Let’s use the builtin dir function to see what all is available to us from this dt accessor:

dir(ds_cp["time"].dt)
['__annotations__',
 '__class__',
 '__class_getitem__',
 '__delattr__',
 '__dict__',
 '__dir__',
 '__doc__',
 '__eq__',
 '__firstlineno__',
 '__format__',
 '__ge__',
 '__getattribute__',
 '__getstate__',
 '__gt__',
 '__hash__',
 '__init__',
 '__init_subclass__',
 '__le__',
 '__lt__',
 '__module__',
 '__ne__',
 '__new__',
 '__orig_bases__',
 '__orig_class__',
 '__parameters__',
 '__reduce__',
 '__reduce_ex__',
 '__repr__',
 '__setattr__',
 '__sizeof__',
 '__slots__',
 '__static_attributes__',
 '__str__',
 '__subclasshook__',
 '__weakref__',
 '_date_field',
 '_obj',
 '_tslib_round_accessor',
 'calendar',
 'ceil',
 'date',
 'day',
 'dayofweek',
 'dayofyear',
 'days_in_month',
 'days_in_year',
 'daysinmonth',
 'decimal_year',
 'floor',
 'hour',
 'is_leap_year',
 'is_month_end',
 'is_month_start',
 'is_quarter_end',
 'is_quarter_start',
 'is_year_end',
 'is_year_start',
 'isocalendar',
 'microsecond',
 'minute',
 'month',
 'nanosecond',
 'quarter',
 'round',
 'season',
 'second',
 'strftime',
 'time',
 'week',
 'weekday',
 'weekofyear',
 'year']

We can access any of these by simply adding them on to the dt. For example, if we want the month:

ds_cp["time"].dt.month
<xarray.DataArray 'month' (time: 56520)> Size: 452kB
array([1, 1, 1, ..., 9, 9, 9], shape=(56520,))
Coordinates:
  * time     (time) datetime64[ns] 452kB 1869-01-01 1869-01-02 ... 2023-09-30

This is an xr.DataArray that is identical to our original time array, but instead of its values being the actual date, the values are the number of the calendar month of that particular date. So the first one, which is January 1, 1869, is 1. Any dates that are in February are 2, and so on through 12 for dates in December.
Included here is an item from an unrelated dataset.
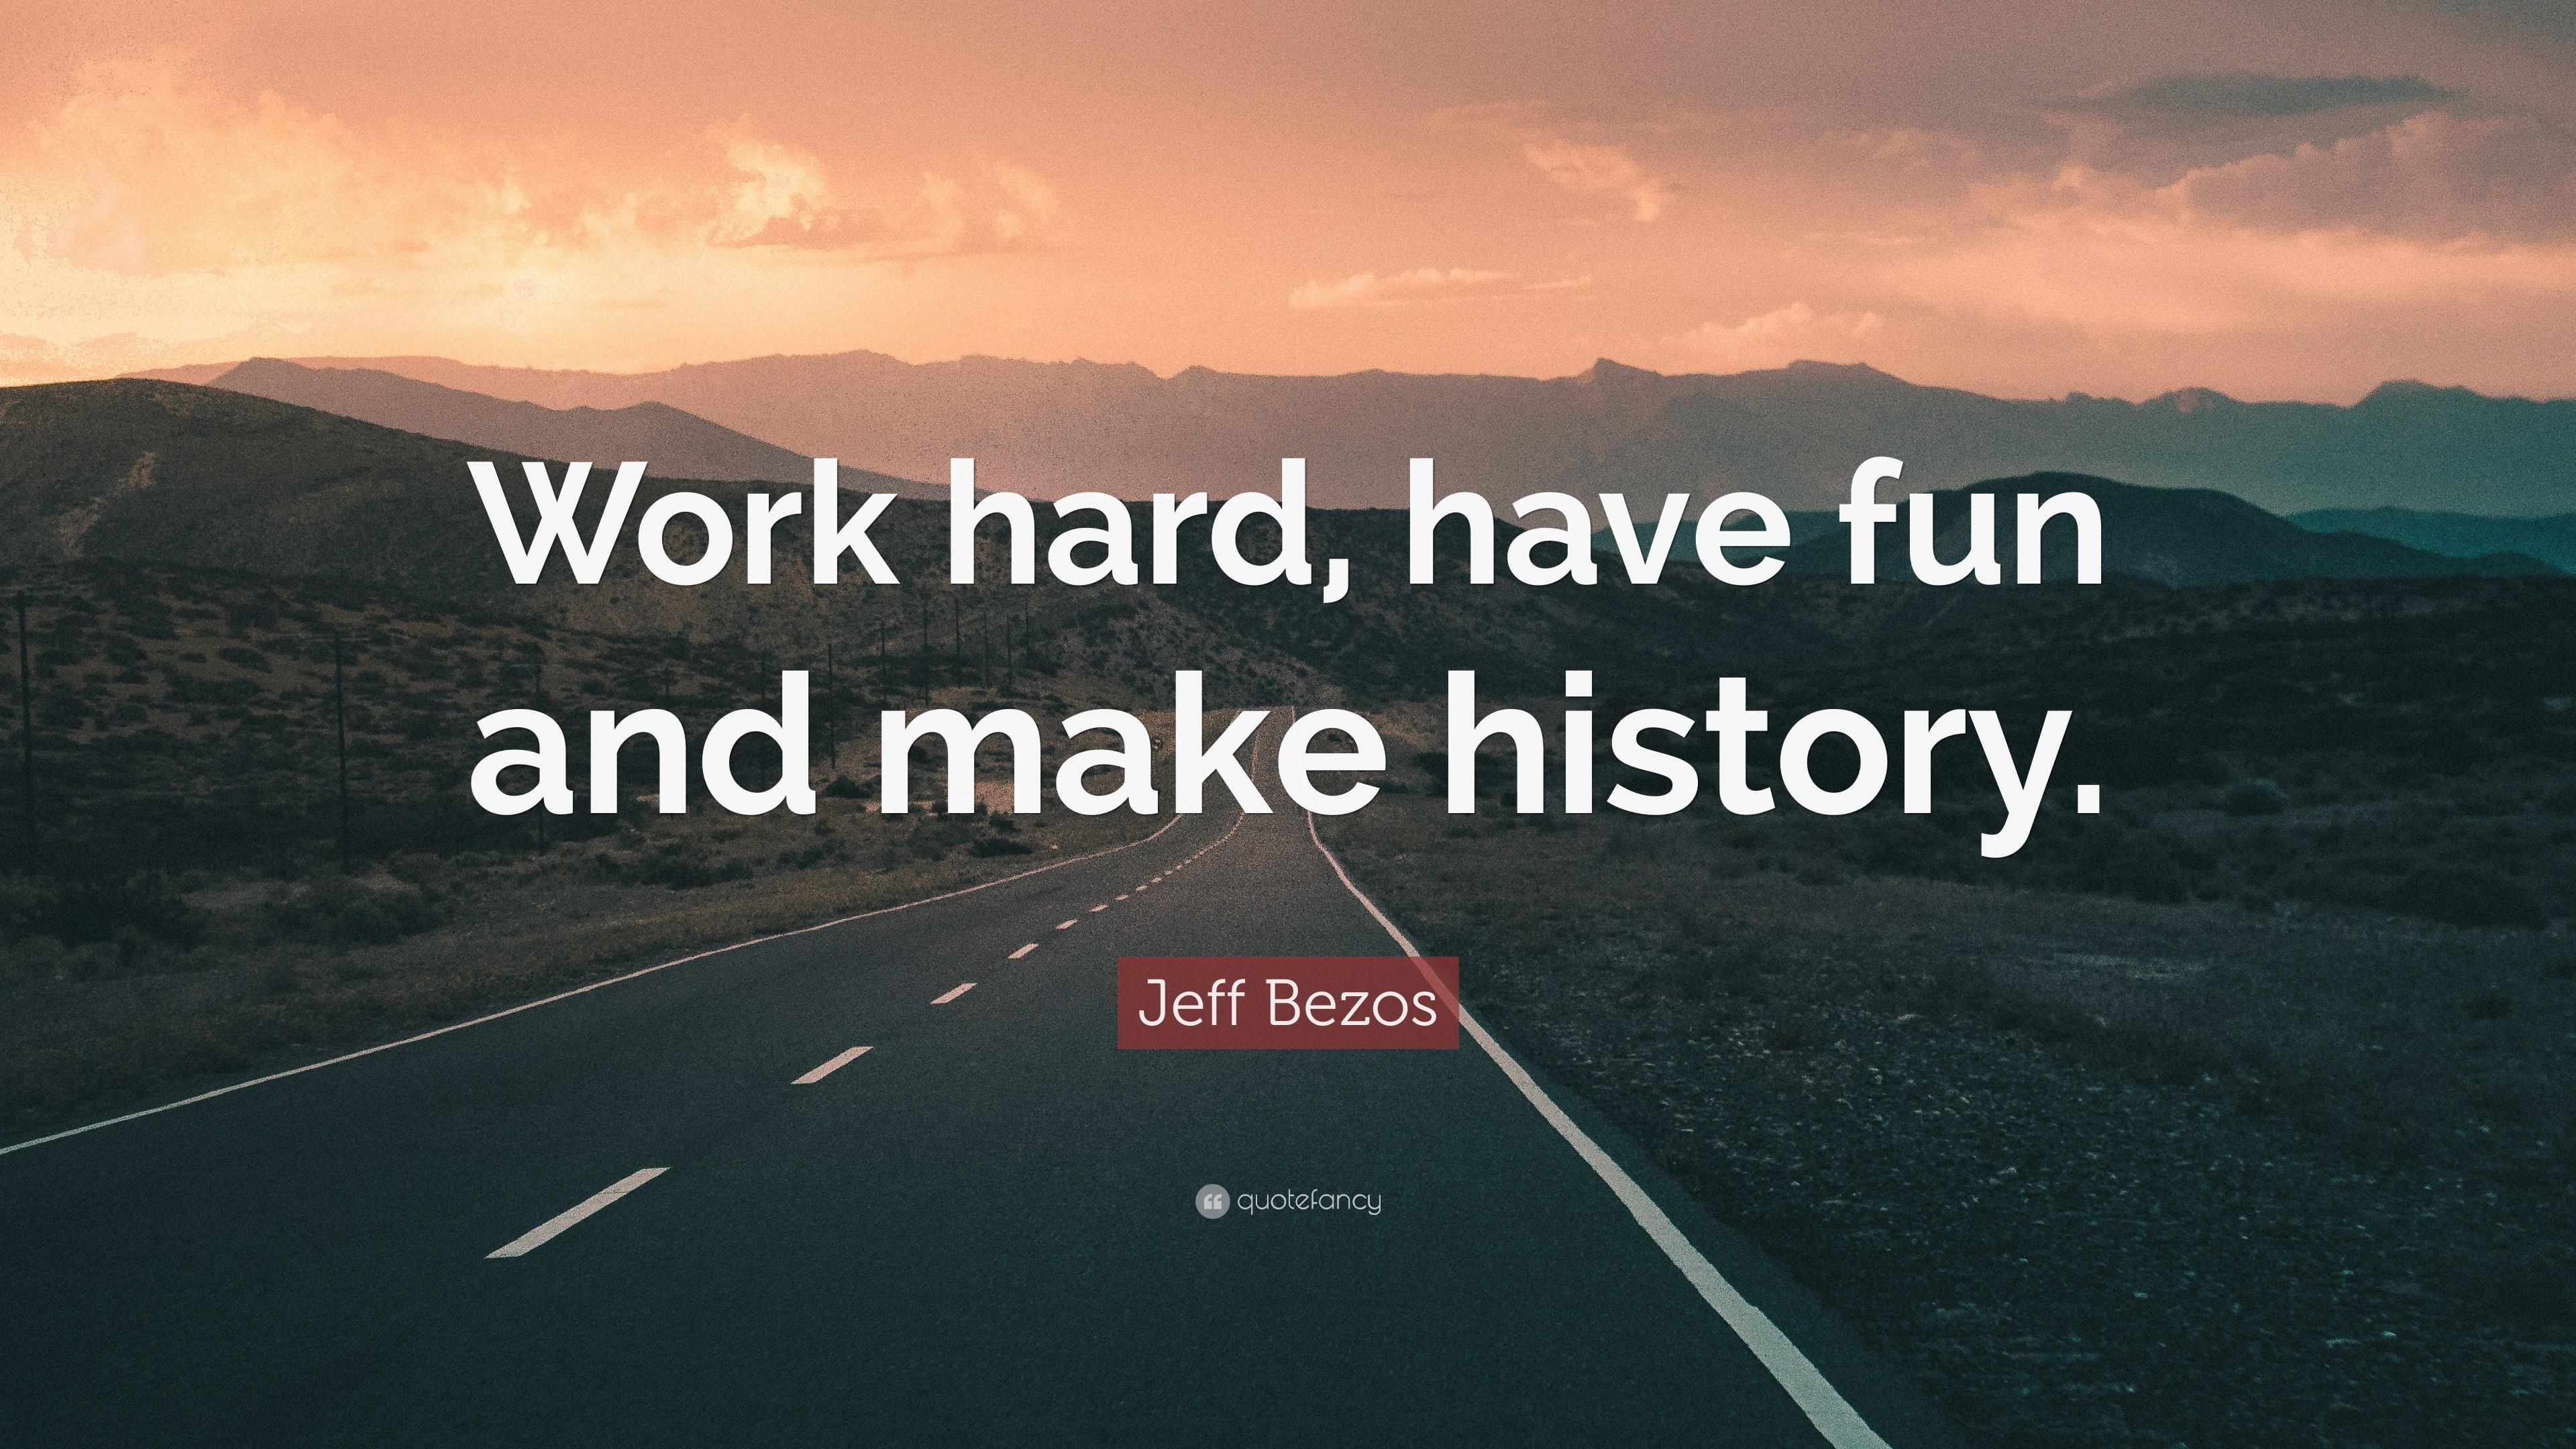 Jeff Bezos Quotes 153 Wallpapers Quotefancy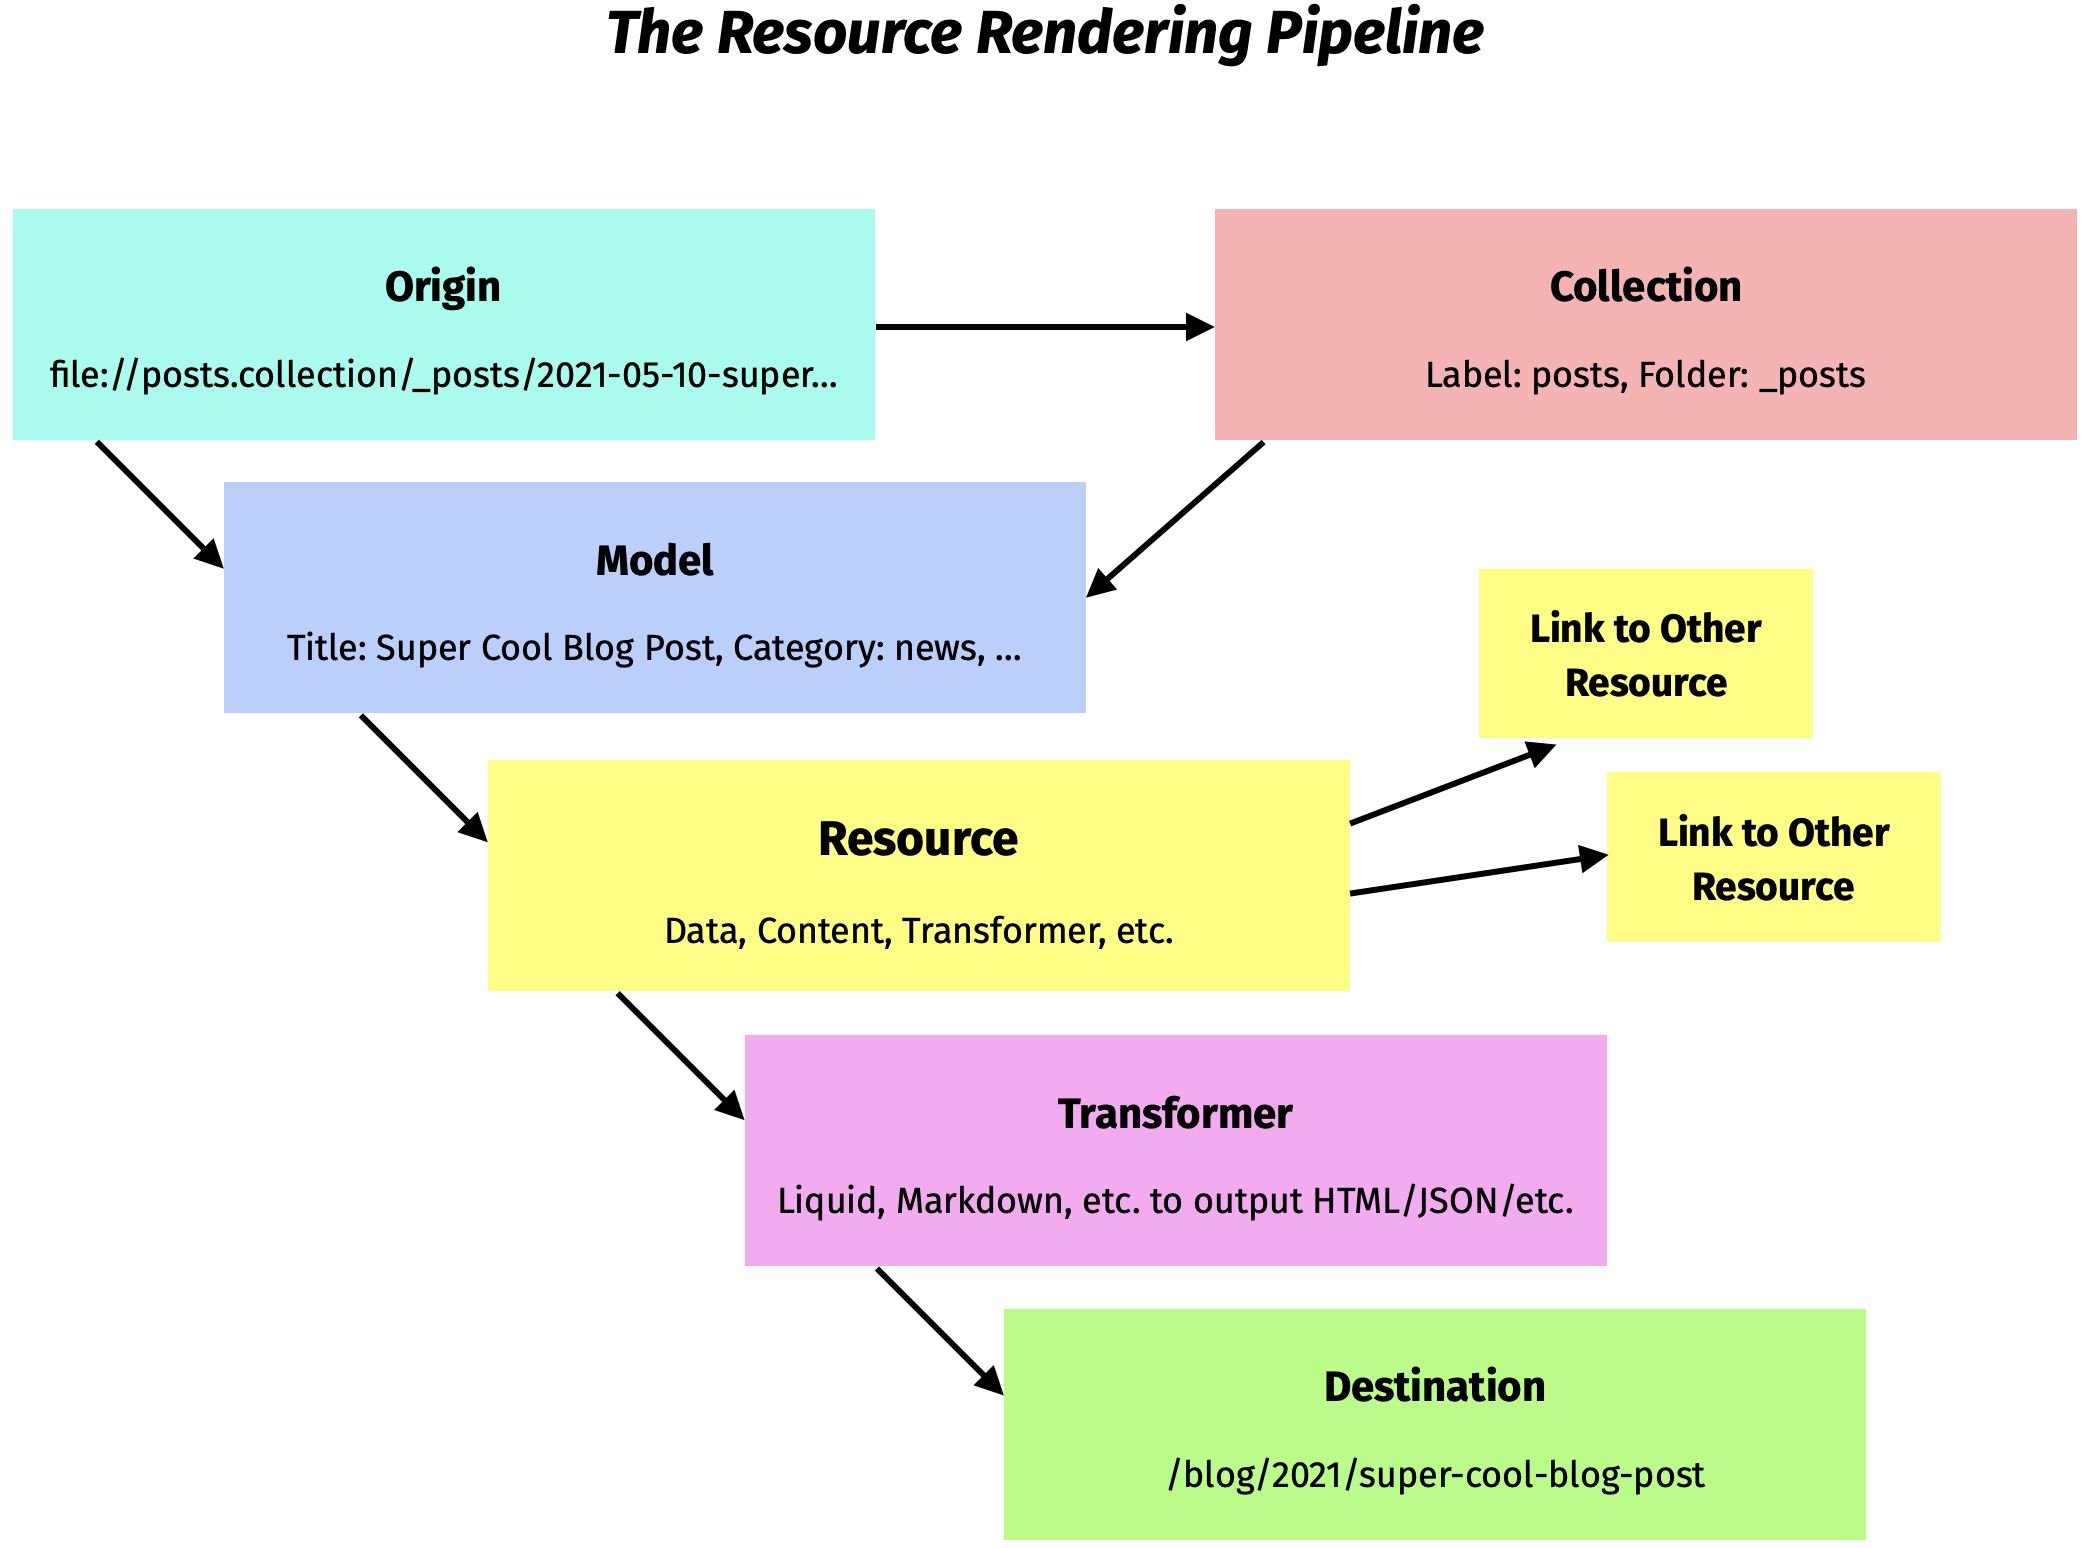 The Resource Rendering Pipeline

So putting that all together:

# select just July days
ds_cp.where(ds_cp["time"].dt.month == 7, drop=True)  
<xarray.Dataset> Size: 384kB
Dimensions:        (time: 4805)
Coordinates:
  * time           (time) datetime64[ns] 38kB 1869-07-01 ... 2023-07-31
Data variables:
    temp_max       (time) float64 38kB 70.0 76.0 84.0 83.0 ... 89.0 80.0 85.0
    temp_min       (time) float64 38kB 62.0 64.0 70.0 72.0 ... 70.0 66.0 66.0
    temp_avg       (time) float64 38kB 66.0 70.0 77.0 77.5 ... 79.5 73.0 75.5
    temp_anom      (time) float64 38kB -10.3 -6.4 0.4 0.7 ... 5.8 1.9 -4.6 -2.0
    heat_deg_days  (time) float64 38kB 0.0 0.0 0.0 0.0 0.0 ... 0.0 0.0 0.0 0.0
    cool_deg_days  (time) float64 38kB 1.0 5.0 12.0 13.0 ... 19.0 15.0 8.0 11.0
    precip         (time) float64 38kB 0.0 0.0 0.42 0.0 0.0 ... 0.0 0.06 0.0 0.0
    snow_fall      (time) float64 38kB 0.0 0.0 0.0 0.0 0.0 ... 0.0 0.0 0.0 0.0
    snow_depth     (time) float64 38kB 0.0 0.0 0.0 0.0 0.0 ... 0.0 0.0 0.0 0.0

Hint: for another one of the problems, try dt.dayofweek.

Empirical CDFs#

Let’s start by getting some info about the scipy.stats.ecdf function we’ll be using:

# c.f. note above: you can alternatively use `scipy.stats.ecdf?`
help(scipy.stats.ecdf)
Help on function ecdf in module scipy.stats._survival:

ecdf(sample: 'npt.ArrayLike | CensoredData') -> scipy.stats._survival.ECDFResult
    Empirical cumulative distribution function of a sample.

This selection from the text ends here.